I’m using exactly the same testbench code as the one for my CXXRTL benchmark:

clang++-9 -g -O3 -I`yosys-config --datdir`/include  \
        -DEXAMPLE_TOP=\"ExampleTop.sim.cpp\" 
        -std=c++14 -I../lib main.cpp ../lib/cxxrtl_lib.cpp 
        -o tb

The result is a ./tb executable binary.

Simulate

> ./tb 2 waves.vcd

UART TX: 
UART TX: 

UART TX: H
UART TX: e
UART TX: l
UART TX: l
UART TX: o
UART TX:  
UART TX: W
UART TX: o
UART TX: r
UART TX: l
UART TX: d
UART TX: !
UART TX: 
UART TX: 

led_red: 1 0
led_red: 0 1
led_green: 1
led_green: 0
led_blue: 1
led_red: 1 1
led_blue: 0
led_red: 0 2
led_green: 1
led_green: 0

The RPU only executes about 1 instruction every 5 clock cycles whereas the VexRiscv needs only about 1.1 clock cycles per instructions, but other than that, everything runs just the same.

Waveforms

For this run, I dumped waveforms, so you can use gtkwave on this mixed Verilog/VHDL design.

In the screenshot below, you can see the memory bus of the RPU from the VHDL part of the design, and the APB bus of the UART which is written in Verilog:

Mixed Verilog/VHDL VCD Waveforms

Limitations

I didn’t run into major issues, but there are some things to be aware of.

  • VHDL assert statements

    gHDL converts VHDL assert statements into RTLIL $assert cells. These are used by Yosys for formal property checking, but CXXRTL doesn’t know what to do with it.

    The current work-around is to just comment out these statements (RPU doesn’t have them, ORCA does.)

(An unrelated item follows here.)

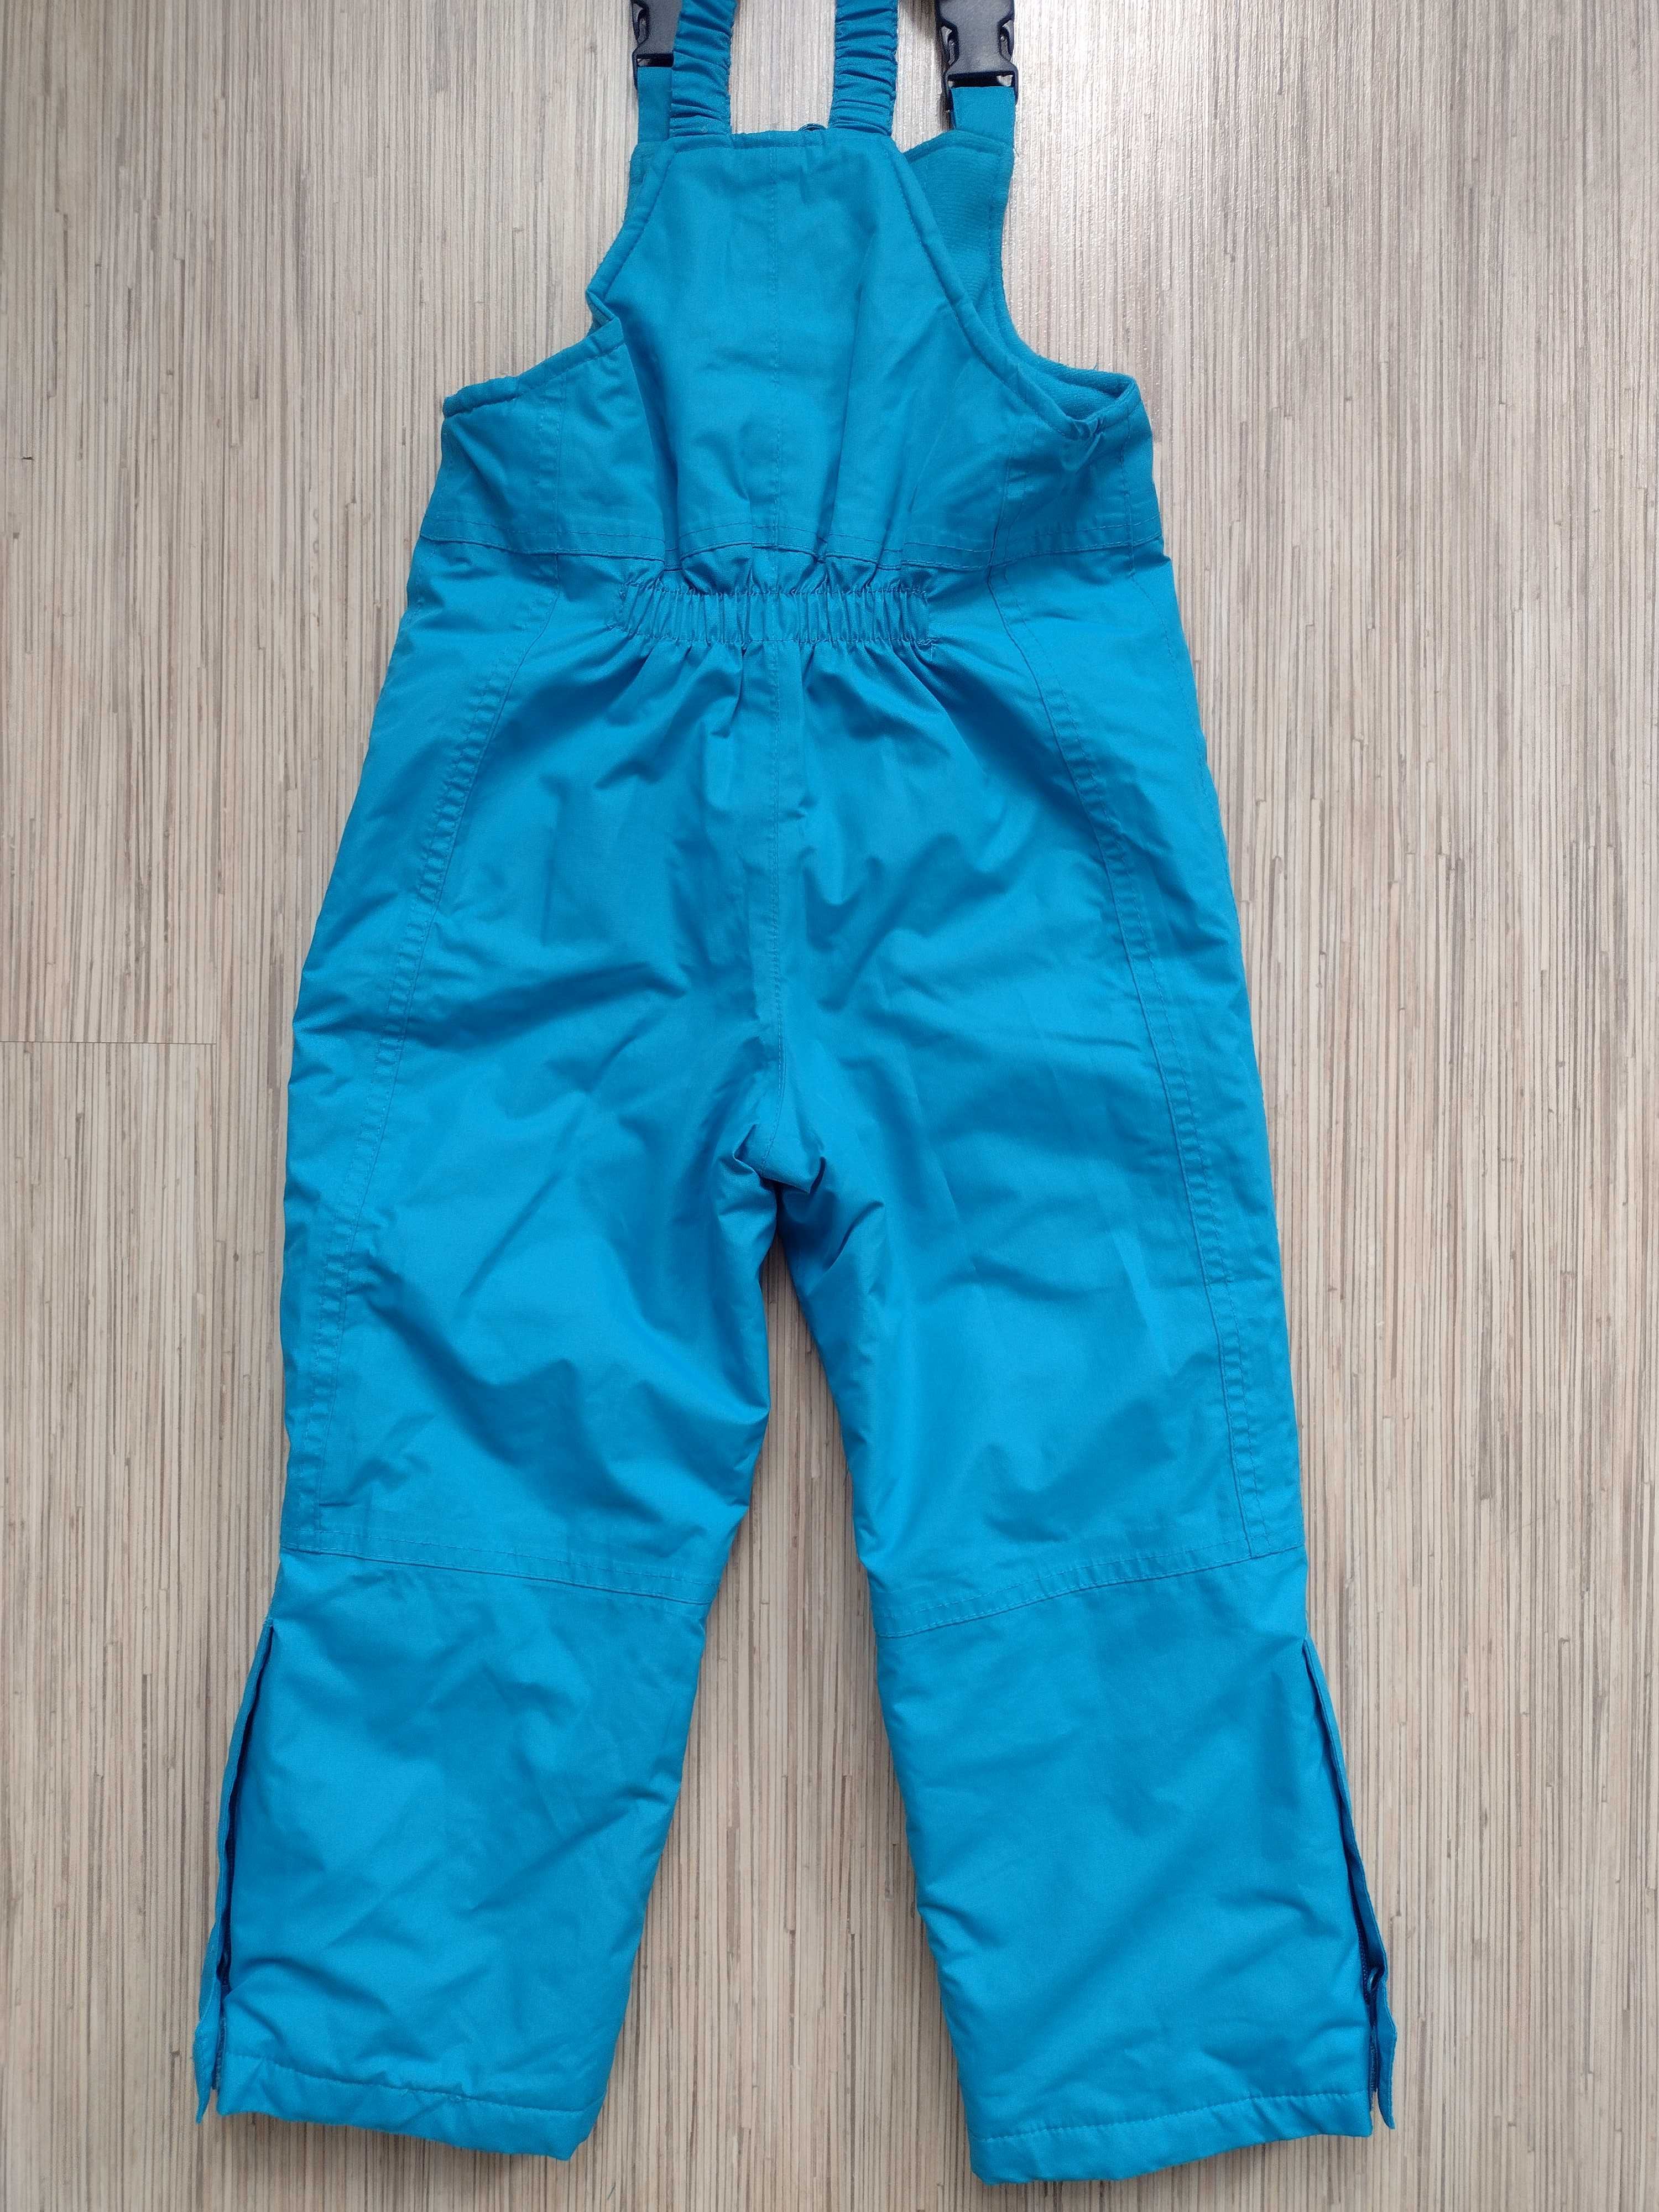 IMPIDIMPI, rozmiar 98/104, spodnie narciarskie dla chłopca

    Ideally, the ghdl plugin should have an option to ignore assert statements, or CXXRTL needs to find a way to deal with them. (E.g. ignore them too, or even add simulation-time assertion checking!)

  • VHDL-specific simulation behavior is dropped

    VHDL has numerical types that abort a simulation when there is a range overflow.

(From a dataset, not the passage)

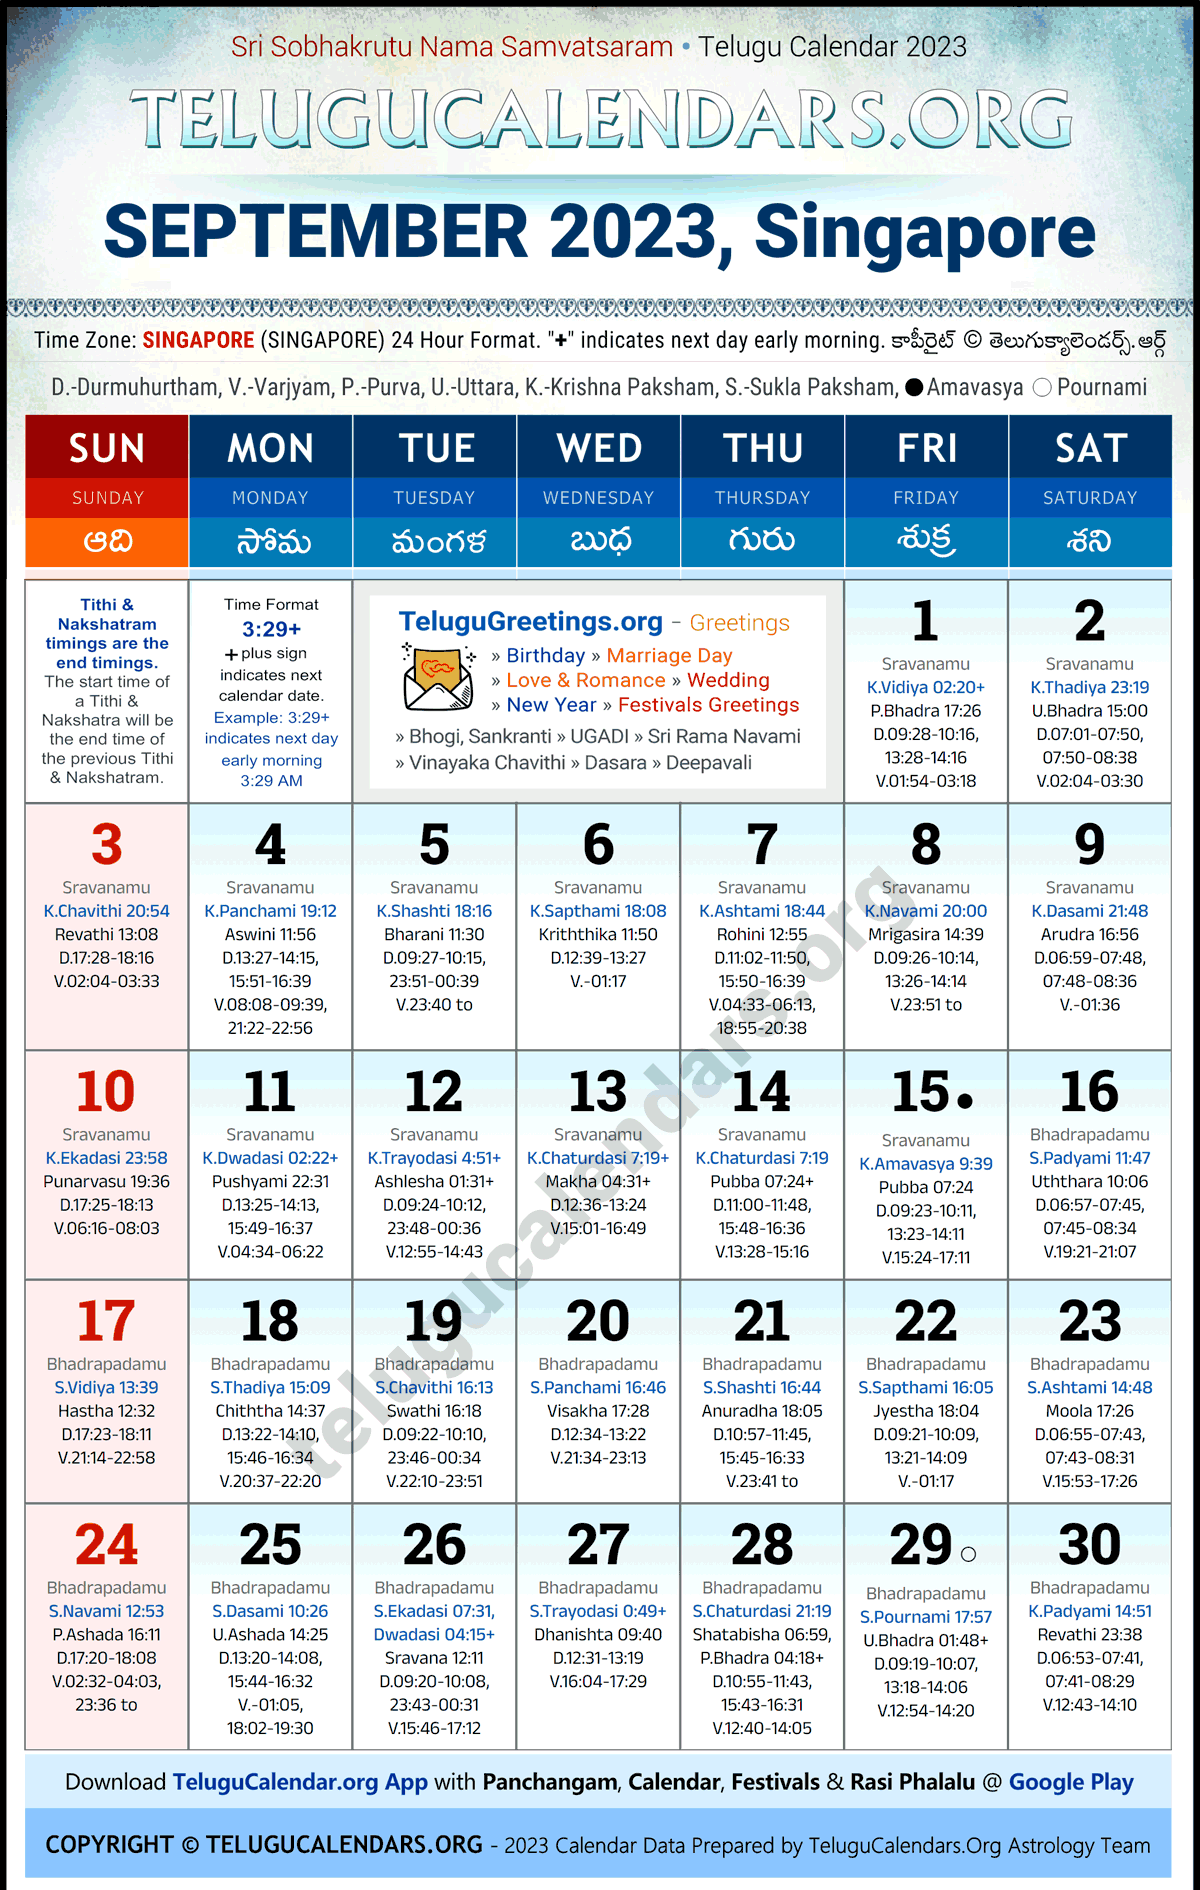 Telugu Calendar 2023 September Festivals for Singapore

    Since Yosys is ultimately a synthesis tool (in the case of CXXRTL, it synthesizes to C++), these kind of change are dropped. Don’t use gHDL and CXXRTL to verify that range constraints are met during simulation.

    A useful potential enhancement of ghdl plugin would be automatically insert range checking assertions for all limited range numerical types.

  • VHDL Records etc

    I didn’t try this myself, but the ghdl plugin flattens complex types into a single vector.

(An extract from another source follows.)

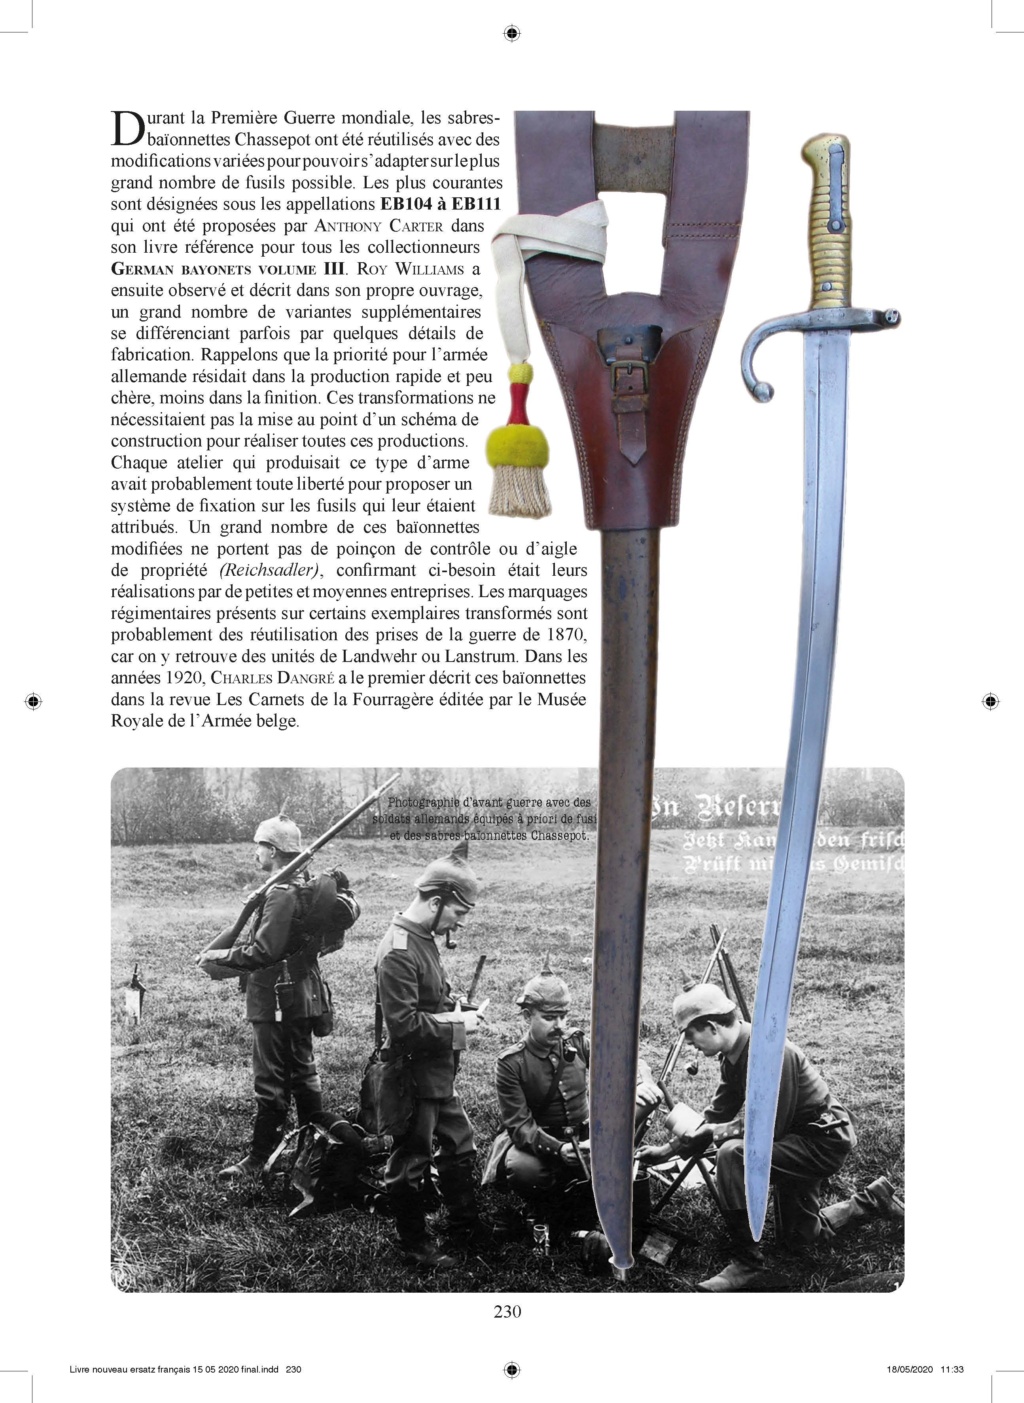 Le fusil Chassepot et la guerre de 1870. - Page 6 Pages_16

    This can make debugging waveforms very hard.

  • Case-sensitivity

    VHDL is case insensitive. Verilog is case sensitive. Yosys is case sensitive as well.

    This is something to keep in mind when you run into naming issues. (I didn’t.)

Conclusion

Mixed VHDL/Verilog can now be done with pure open source tools, and it works well!